La depresión es un valle
En el Renacimiento se le decía melancolía
Por Elizabeth RH
¿Qué forma tiene la tristeza? ¿La visualizas con un color o apariencia, incluso un aroma en específico? ¿Y qué de su «mala amiga», partícipe de otro estado emocional más complejo cuyo nombre nos habla no sólo de «sensación» sino de forma, estado y condición?
El nombre de este trastorno emocional es el mismo concepto que se le da a un espacio geográfico hendido o sumido, generalmente de una profundidad relevante. ¿Puedes adivinar de cuál concepto emocional hablo?
La depresión (por si no lo habías adivinado) es una palabra que escuchamos casi todo el tiempo, no porque se haya descubierto recientemente, sino más bien porque hasta el día de hoy no se había acrecentado a niveles preocupantes. Los médicos prevén que para el 2030 esta enfermedad será la principal causa de discapacidad en el mundo.
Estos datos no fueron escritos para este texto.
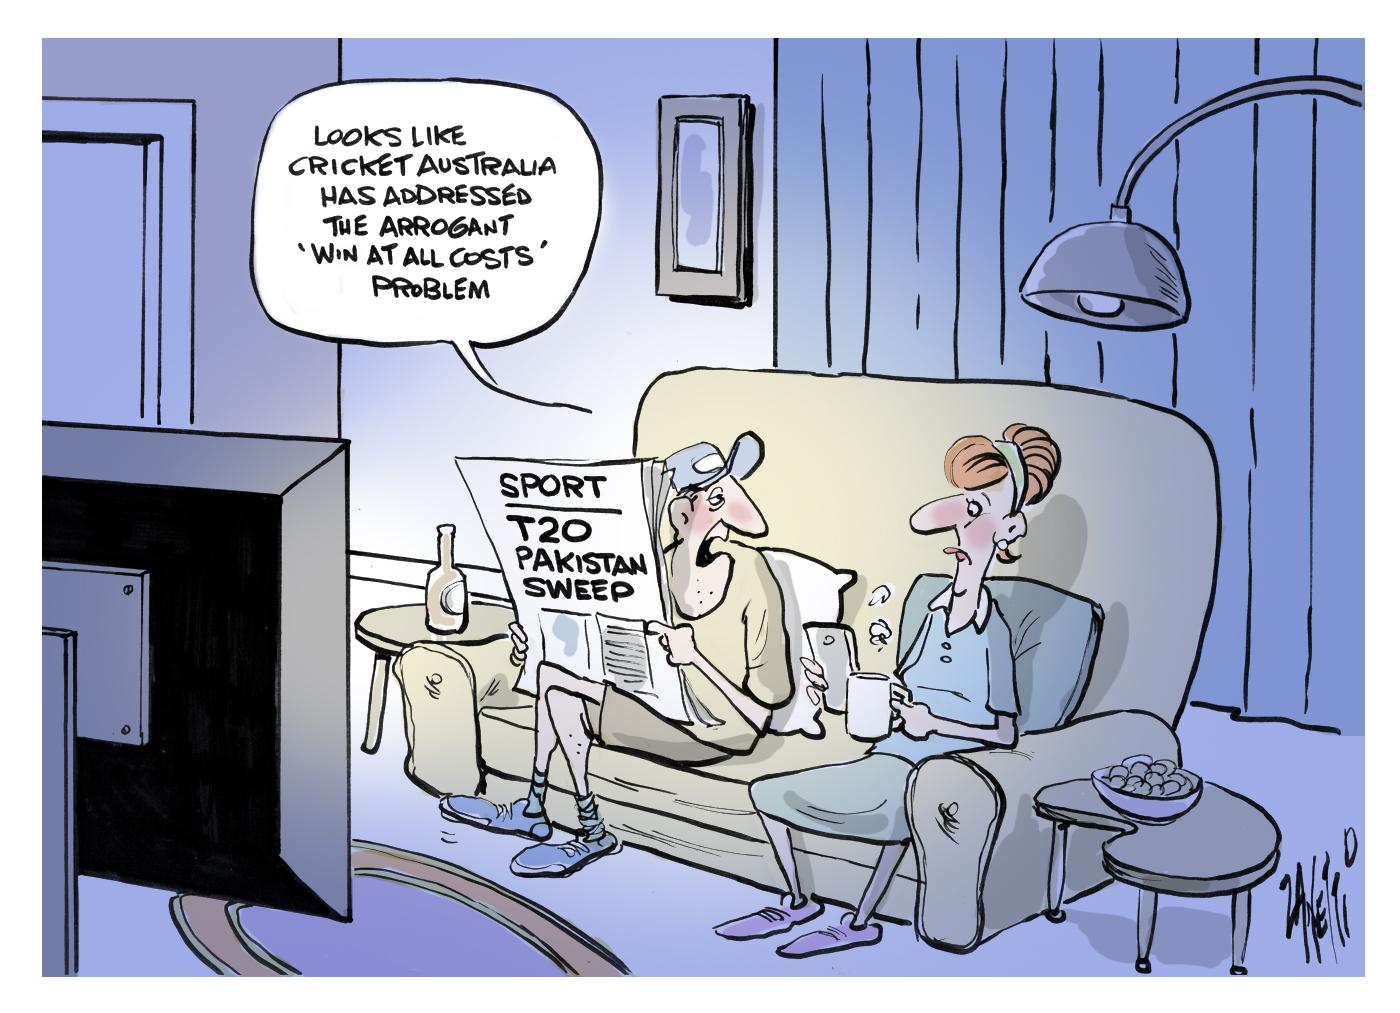 Arrogant Cricket Australia

En los años previos al Renacimiento, la depresión tenía otro nombre: melancolía. El griego Hipócrates fue quien la bautizó en el año 450 a.C. Para este doctor, la melancolía es una sustancia oscura segregada desde la bilis, órgano que en aquellos días era esencial para entender el estado de ánimo (mente y alma) de un individuo.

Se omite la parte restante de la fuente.